In order to get the best bang for your buck when shopping for new storage, having command of the language will be very helpful in making sure you make informed decisions:

  • Bit (b) – A short term for binary digit, it is the basic capacity of information in computing. A bit represents either a zero (0) or a one (1) only.
    • Relative size: 1 bit = about 1 character of text
  • Byte (B) – A unit of digital information that consists of 8 bits.
    • Relative size: 6.3 bytes = a few words of text
  • Kilobyte (kB) – Approximately* 1,000 bytes of digital information.
    • Relative size: 1 kB = about a half page of text
  • Megabyte (MB) – Approximately* 1,000,000 bytes or 1,000 kB of digital information.
    • Relative size: 1 MB = about 500 pages of text
  • Gigabyte (GB) – Approximately* 1,000,000,000 bytes or 1,000 MB of digital information.
    • Relative size: 1 GB = about 1min of 1080p ProRes 422 video footage
  • Terabyte (TB) – Approximately* 1,000,000,000,000 bytes or 1,000 GB of digital information.
    • Relative size: 1 TB = about 16 Hrs 30 Mins of 1080p ProRes 422 video footage
  • Petabyte (PB) – Approximately* 1,000,000,000,000,000 bytes or 1,000 TB of digital information.
    • Relative size: 1 PB = about 2 years of 1080p ProRes 422  video footage

A kilobyte is a kilobyte, right? Not exactly.

* To help further confuse us all, there are actually two common standards in which data capacity is measured: drive manufactures and Mac OS X (version 10.6 Snow Leopard and forward – OS X and macOS) uses a unit of 1,000 bytes, called metric prefix, to equal 1 kilobyte; while the Windows operating system’s virtual storage and processors uses a unit of 1,024 bytes, called a binary prefix, to equal 1 kilobyte. Both recognize that 8 bits = 1 byte, so they are fundamentally the same, but all multiples of that unit of measurement are different. This seems like small issue except that it creates a significant discrepancy when you begin multiplying kilobytes into megabytes, gigabytes, terabytes, petabytes, and so on as the apparent difference becomes increasingly magnified as you up the demand for capacity.

There are actually different terms used by computer scientist to indicate this difference in measurement (i.e. kibibyte (KiB), mebibyte (MiB), or gibibyte (GiB)), but they are not commonly used by consumers). Because of this difference in measurement is why that 500 GB HDD you bought appears as approximately 465 GB on all Windows OS computers and approximately 500 GB on a macOS computer. However, remember that you are not losing any storage capacity by using a Windows based computer system, as your drive will always hold the same amount of data, just that the unit of measurement used by each operating system and drive manufactures are different. Just as the same distance is measured when comparing 1 standard yard to a 0.9144 metric meter.

The Precision of Language

The language, characters, and symbols used to describe digital information is very particular. For instance, when someone writes “TB” it means terabyte, but when “Tb” is written (with a lower-case “b”), that symbol represents a terabit. The main difference being that a terabyte represents 1,000,000,000,000 bytes of digital information and a terabit represents 8,000,000,000,000 binary digits (bits).

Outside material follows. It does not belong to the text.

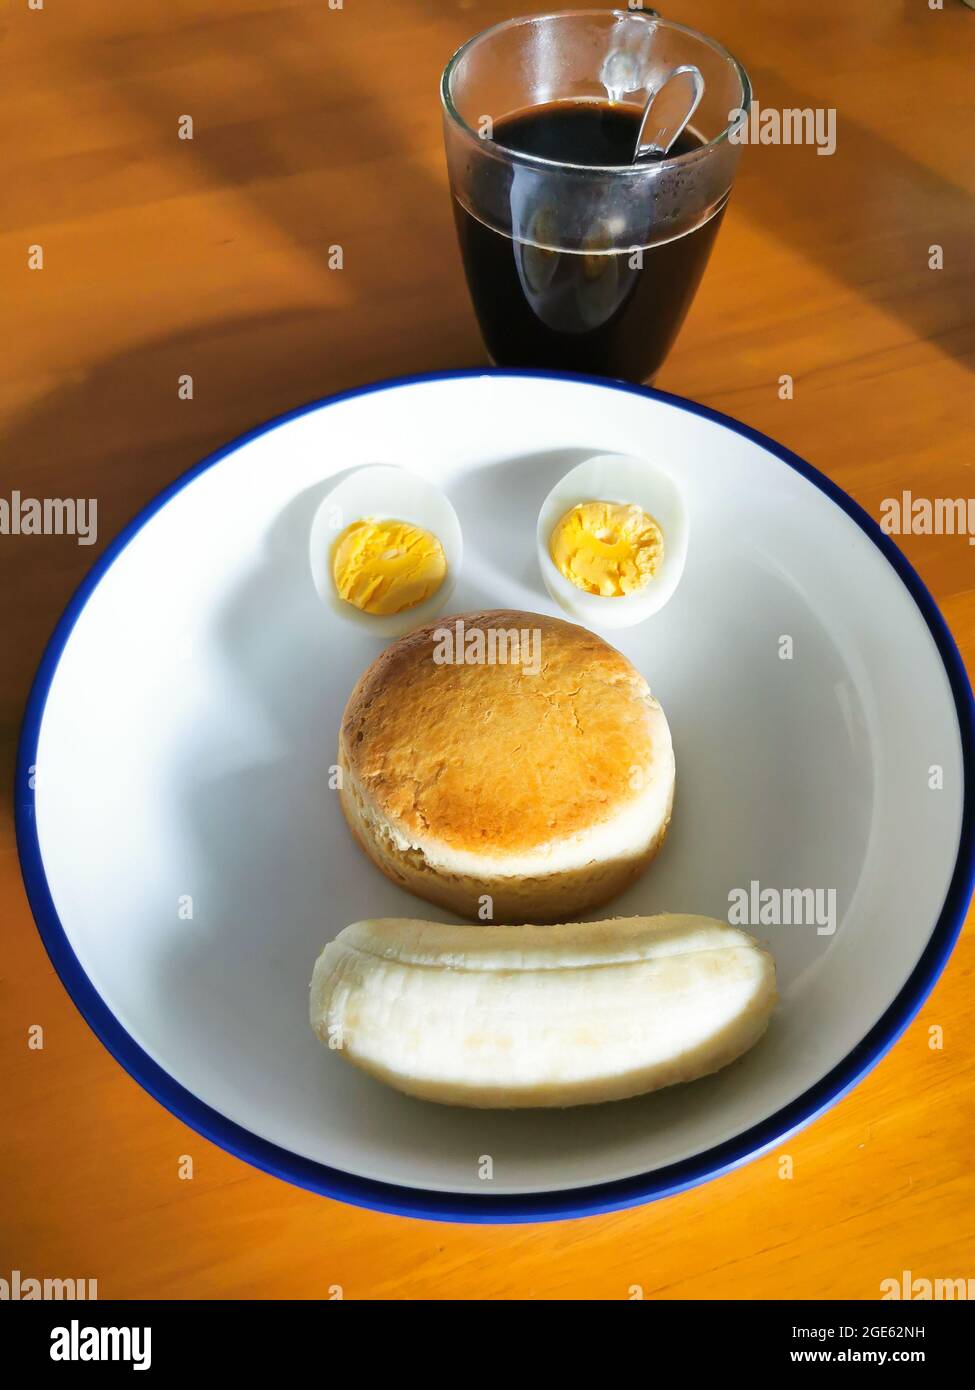 Plats faits maison servis sur une assiette ronde blanche sur une table en bois. Une tasse de café est placée sur le côté de la plaque alimentaire. Dans la plaque alimentaire ont coupé des tranches d'œufs durs, de la tarte Banque D'Images

As you may have already noticed, there are common variation in symbols you will see. One in that you will deal with regularly is either kB/s or kbps. It is import to recognize the difference between them as kB/s represents kilobytes per second and kbps represent kilobits per second. So 1 kB/s is equal to 8 kbps. That means if a website such as Vimeo is asking you to make sure that the HD video you are uploading is set at a bitrate of 5000 kbps that is equivalent to them asking you to upload a video with a bitrate of 625 kB/s. If you uploaded a 5000 kB/s video by mistake you just tried to deliver a video with a bitrate of 40,000 kbps. That’ is 8 times the data rate they asked for. The key to all of this is to remember that bits have a constant 8:1 ratio with bytes.

Tip: When performing data rate conversions such as the Vimeo video example given in the above paragraph, the trend has been to use the decimal prefix standard of 1,000 bytes = 1 kilobyte. Use a Bit Calculator to ensure conversion accuracy.

Calculating Storage Demand

Now that you understand how to identify the capacity of any given storage device, and that you are moderately aware of the existence that media files have a variable data rate, you now have the basic skills required to calculate what size drive you will need to purchase for properly storing all of your project media and documents.

File Systems

Also casually known as format, a file system is how information is stored and retrieved on a drive. Before you begin filing your hard drive with your precious data, you should take the time to understand file system formats and which one best works for you. Many drives come preformatted in a file system that will probably work just fine, but you can always change a drive to best suit your needs. When dedicating on a file system format there are several variables to consider. Here is a list of the most commonly used file systems on personal computers and media production:

Apple File System (APFS)

A proprietary file system principally developed for supporting the macOS (High Sierra 10.13 and later) by Apple, Inc. It was made to fix some of the core problems with HFS+ and is optimized to work with solid state drives. It is now the primary file system for running the macOS.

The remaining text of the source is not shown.